Does anyone have this filter and would it be enough for a 125 gallon (72x18x24) tank with about 20 african cichlid? Currently I have 3 emporer 400's but it is much to loud. I know that the eheim 2078 only has one input and 1output. is it ok to tee them so i can have to inputs and 2 outputs in the tank. I know the electronics on the pump are for certain flows. would teeing these affect that flow rate and if so is that OK? Also is that enough filter for this tank or do i need more? Also, do you think that i should install a powerhead? The eheim2078 also comes with a spray bar which i know nothing about. Should i place this out of the water or in the water. Does this produce enough oxygen? 
I know this is alot of questions, but this will be my fathers day gift and i would hate to waste a gift.(ha-ha).


----------



## illusions2281 (Jan 25, 2009)

After a mess of sending back the fx5 cause it wouldnt fit and then getting the 2080 only to ind out its not the "electronic" finially i got my hands on the pro 3e 2078. I just put mine together last night. I had so much debis is the tank and within a couple hours it was crystal clear. And as for noise. I keep looking at it and putting my hand on it to make sure its running. I cant belive how quiet it is. It is sooo **** queit it makes my air bubbler pump sound like a nusiance. The pump is actually quiter than my computer. I leave the the spray bar just under the water line. it seems to be doing fine. the 2080 had a littlle bit differnt spray bar. but to be honest the set up of the 3e 2078 seems to be better. the filters are more heavy duty. I like that it has a 4th basket instead of just 3 yes they are smaller but i set mine up with the media in the bottom and then substart in the next two and will leave the 4th to put whatever i think the tank might need. everyone was saying how its mostly a bio filter and not a mechanical but after all the stuff it cleared up in a mannor of minutes its gunna be great.
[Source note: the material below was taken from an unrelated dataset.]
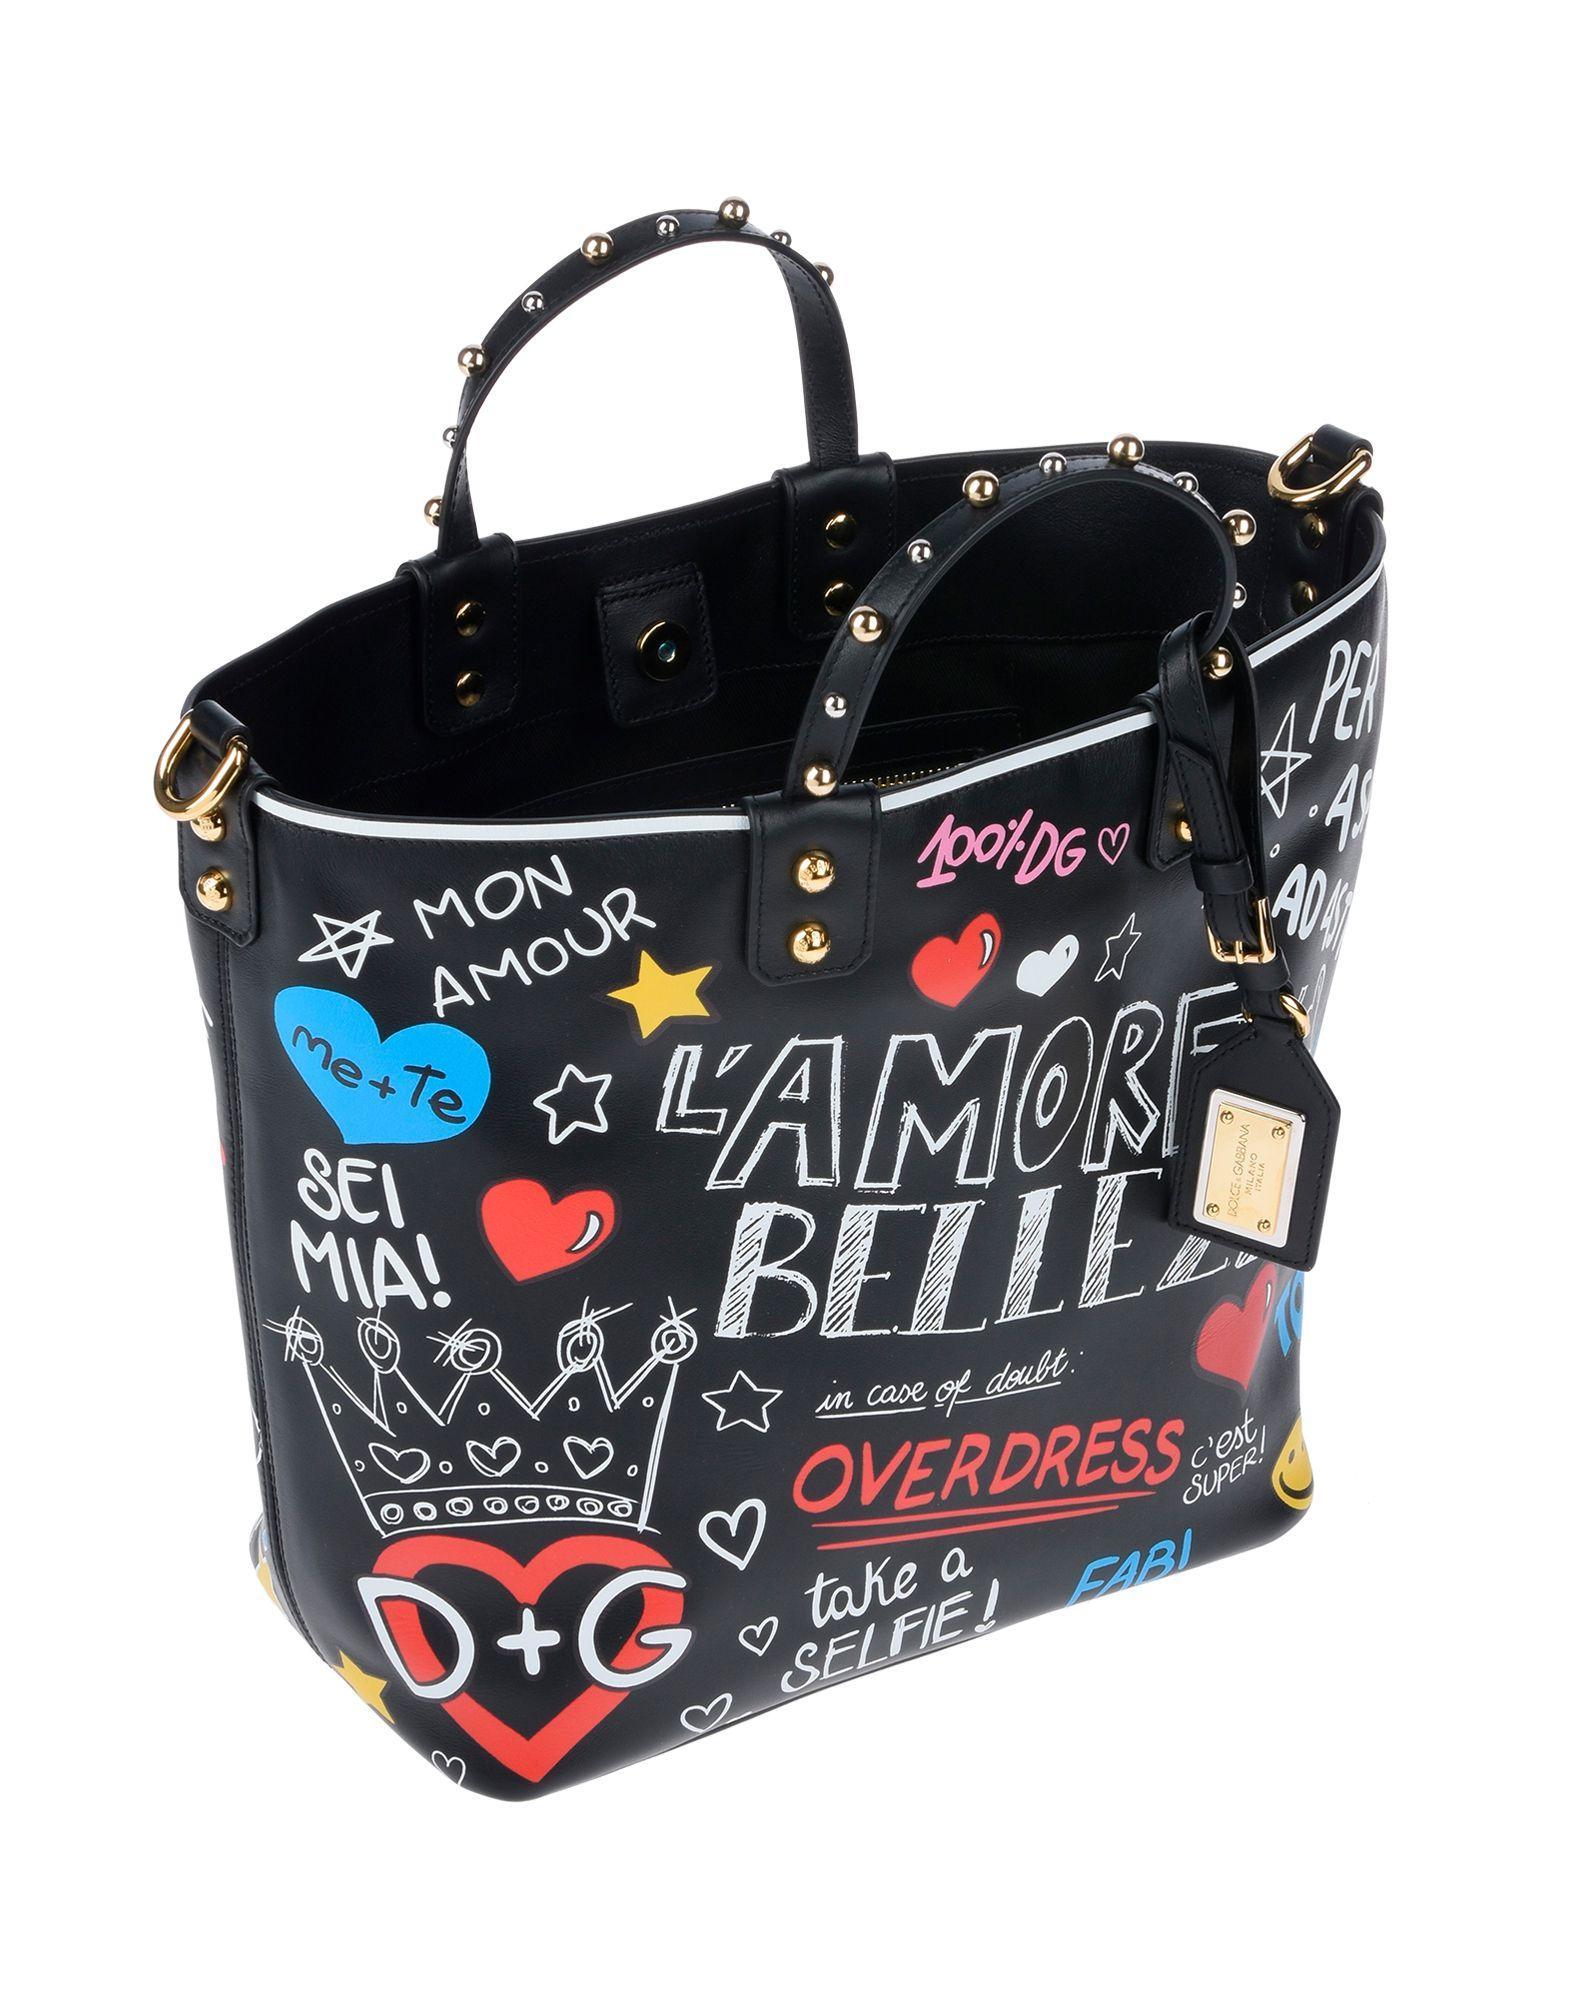 a85e8d0962d0 Dolce   Gabbana Handbag in Black - Save 46% - Lyst

I thought i was going to have t second filter to clear up the water but this filter is awesome.


----------



## cichlids _killer (Apr 13, 2008)

i dont have the pro3E but i got the pro 3 2080..im loving it .2 inlet and one outlet .moved ton of water .just dont know why the 2078 is more flow than the 2080 and its E but the 2080 is more money than the 2078 ..anyway after tried the 2080 now i wont trade it for anything.


----------



## illusions2281 (Jan 25, 2009)

yuh, the two inlits are awesome. i wish they made the 2080 in 3e model. its def a BA filter. even the smaller 2078 is overkill in my 85 gal tank. i bet the next series they come out is gunna awesome.


----------



## 748johnd (Jun 30, 2007)

Place the spray bar below the water surface with the holes angled slightly upward. This will agitate the water surface. If you put the spray bar above the water surface it will be noisy.


----------